06-27-2019, 11:29 AM
 Location: Kentucky 505 posts, read 304,728 times Reputation: 2158

06-27-2019, 11:53 AM
 Location: Aurora Denveralis 8,556 posts, read 3,001,676 times Reputation: 12760

For one thing, "a bank offering 0.02%" means it's an interest rate, and the return can't be calculated without knowing the rate period - daily, most likely, but it could be monthly.

Also, 0.02% does not mean "x 0.02," but one hundredth of that rate. It would be 0.1 cents per period on five bucks, and gains would probably be lost to rounding/minimum accrual at that level.

\$500 would gain 10 cents a day, probably credited monthly, or about \$3 for a month.

06-28-2019, 05:28 PM
 8,815 posts, read 5,119,154 times Reputation: 10085
Quote:
 Originally Posted by Quietude Neither the right question was asked nor were the answers useful. For one thing, "a bank offering 0.02%" means it's an interest rate, and the return can't be calculated without knowing the rate period - daily, most likely, but it could be monthly.
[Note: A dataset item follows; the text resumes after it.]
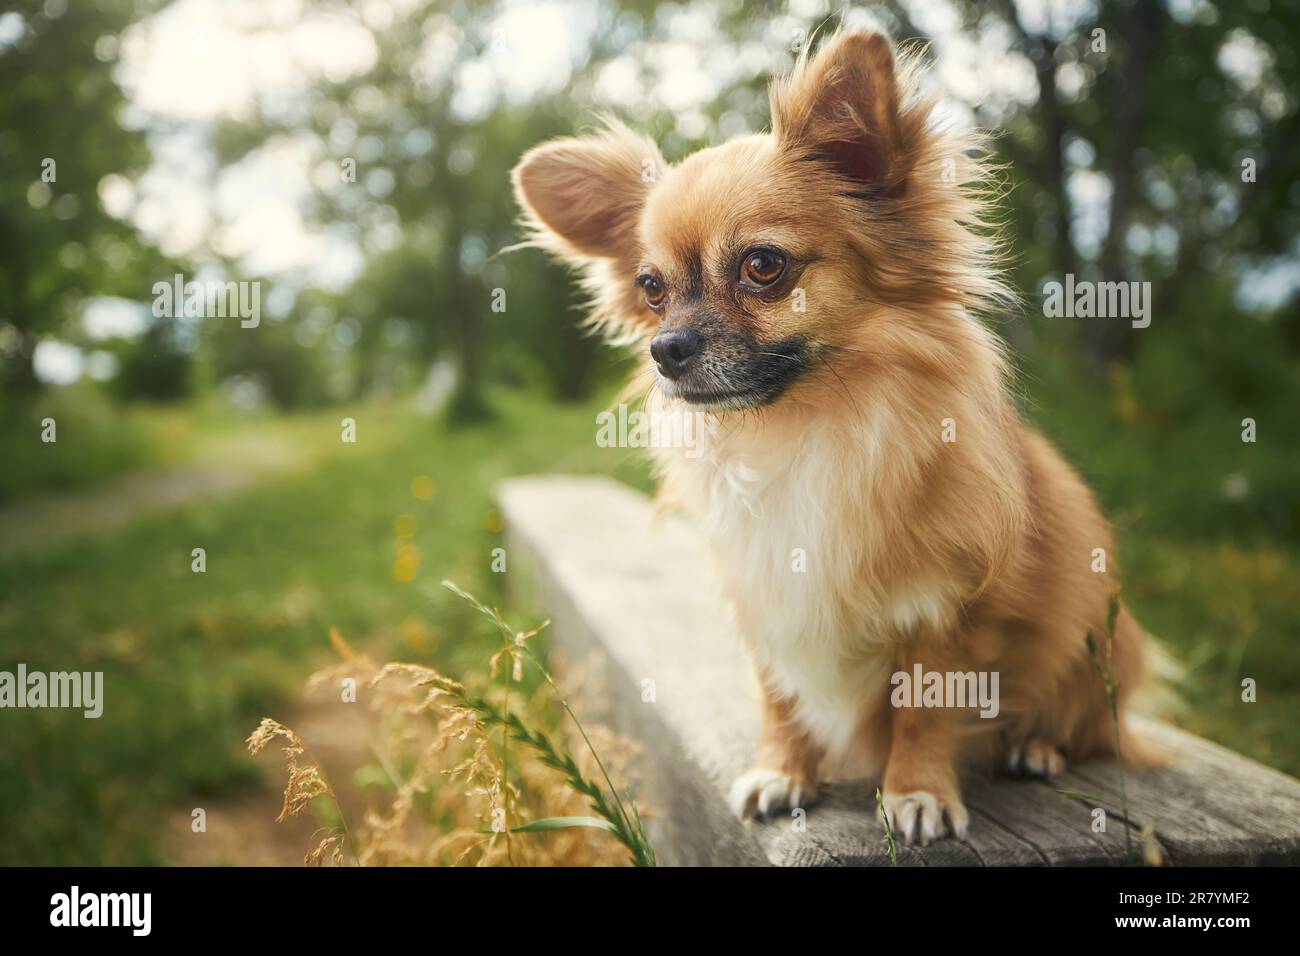 Porträt eines langhaarigen chihuahua. Kleiner Hund, der auf einer Holzbank im öffentlichen Park sitzt und seltsamerweise in die Kamera schaut. Stockfoto

Also, 0.02% does not mean "x 0.02," but one hundredth of that rate. It would be 0.1 cents per period on five bucks, and gains would probably be lost to rounding/minimum accrual at that level. \$500 would gain 10 cents a day, probably credited monthly, or about \$3 for a month.
That would mean \$500 earns \$36 of interest in one year, which (ignoring compounding) is 7.2%.
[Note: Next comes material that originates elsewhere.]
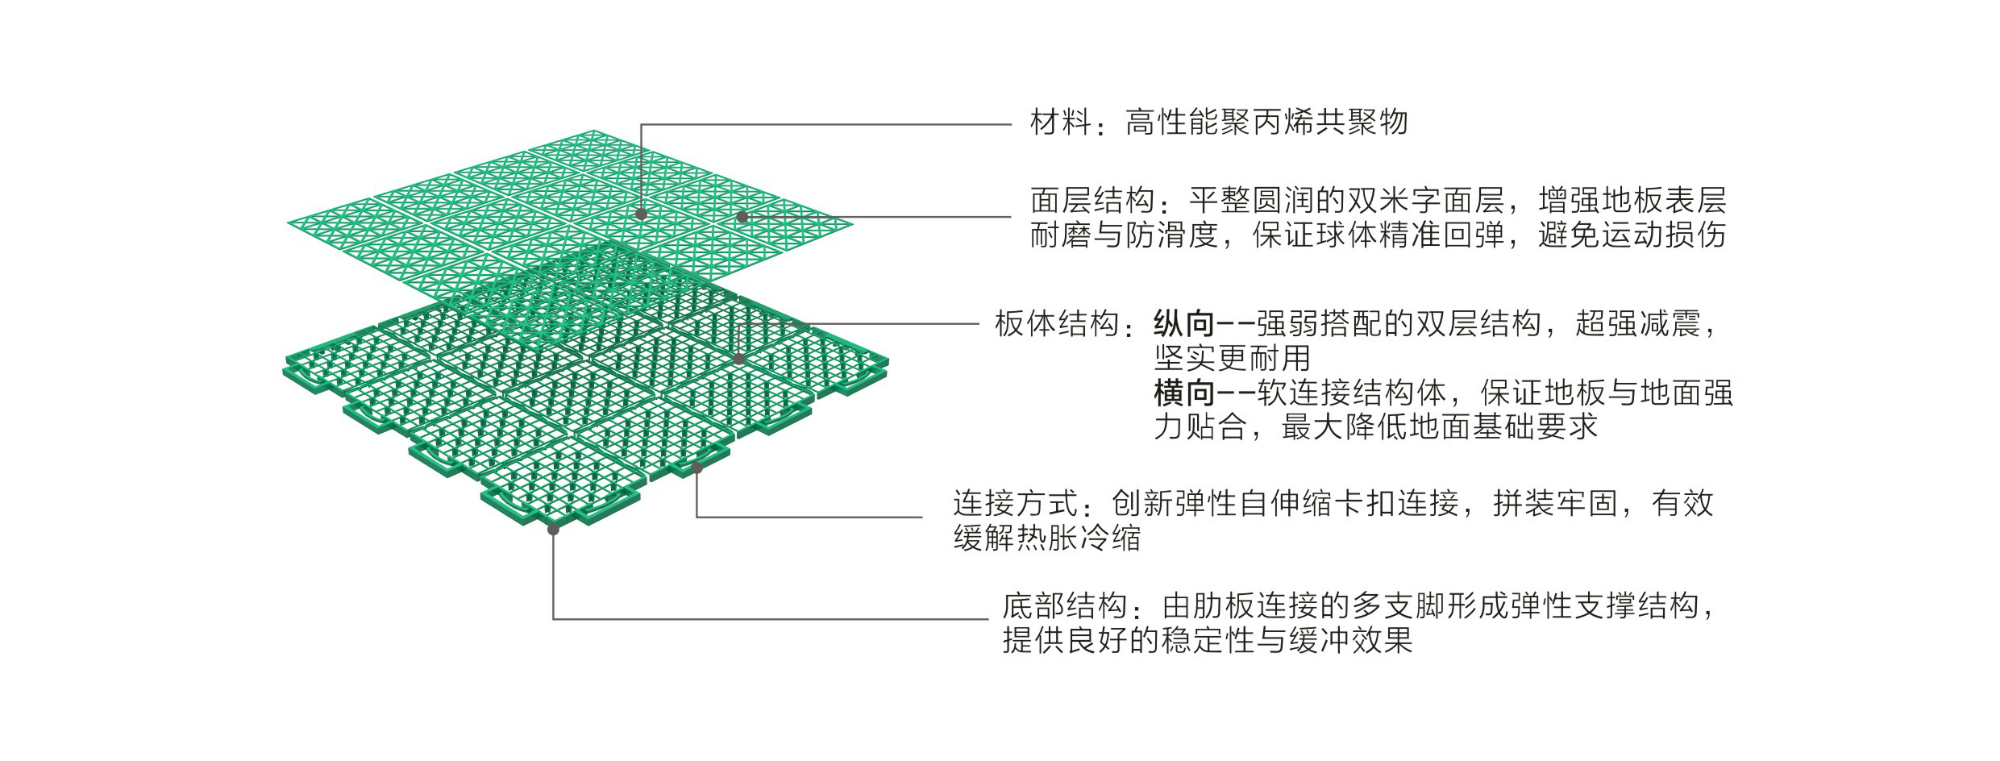 英利奥软连接一代悬浮式拼装地板-结构图

Banks quote annual interest rates, not daily interest rates.

\$500 earning .02% APR = \$0.10 interest per year. Sadly, this is more or less what brick and mortar banks have been paying for some time now.

06-28-2019, 09:34 PM
 830 posts, read 295,336 times Reputation: 341
Quote:
 Originally Posted by thecoalman It's two one hundredths of one percent. It can be a little confusing because it's percentage with decimal value. To get the percentage of number you multiply the number times the percentage but first you move the decimal point to the left two numbers. If it was 2% you could also show it as 2.0% percent. 5 * .02 = .1 or ten cents For 0.02% 5 * .0002 = 0.001 or one tenth of a penny.
OK, and I'm reading this again, because I guess (?) I forgot. So, yes, it is confusing for me because as you say, it's percentage with a decimal value. And when I went to school 2% was written as .02. Not, I suppose, as .02%. Still can't figure it. So 2% means 2% of something. So is 2% written as .02, but not .02%??? Or is it more precisely written as 0.02% in that case where it is not really 2%? I guess that is where my confusion is. If someone else has already answered the question, please excuse but maybe you can help out by answering it or pointing to the answer. Thanks.

06-28-2019, 09:36 PM
 830 posts, read 295,336 times Reputation: 341
Quote:
 Originally Posted by Petunia 100 That would mean \$500 earns \$36 of interest in one year, which (ignoring compounding) is 7.2%. Banks quote annual interest rates, not daily interest rates. \$500 earning .02% APR = \$0.10 interest per year. Sadly, this is more or less what brick and mortar banks have been paying for some time now.
I see that. Thanks.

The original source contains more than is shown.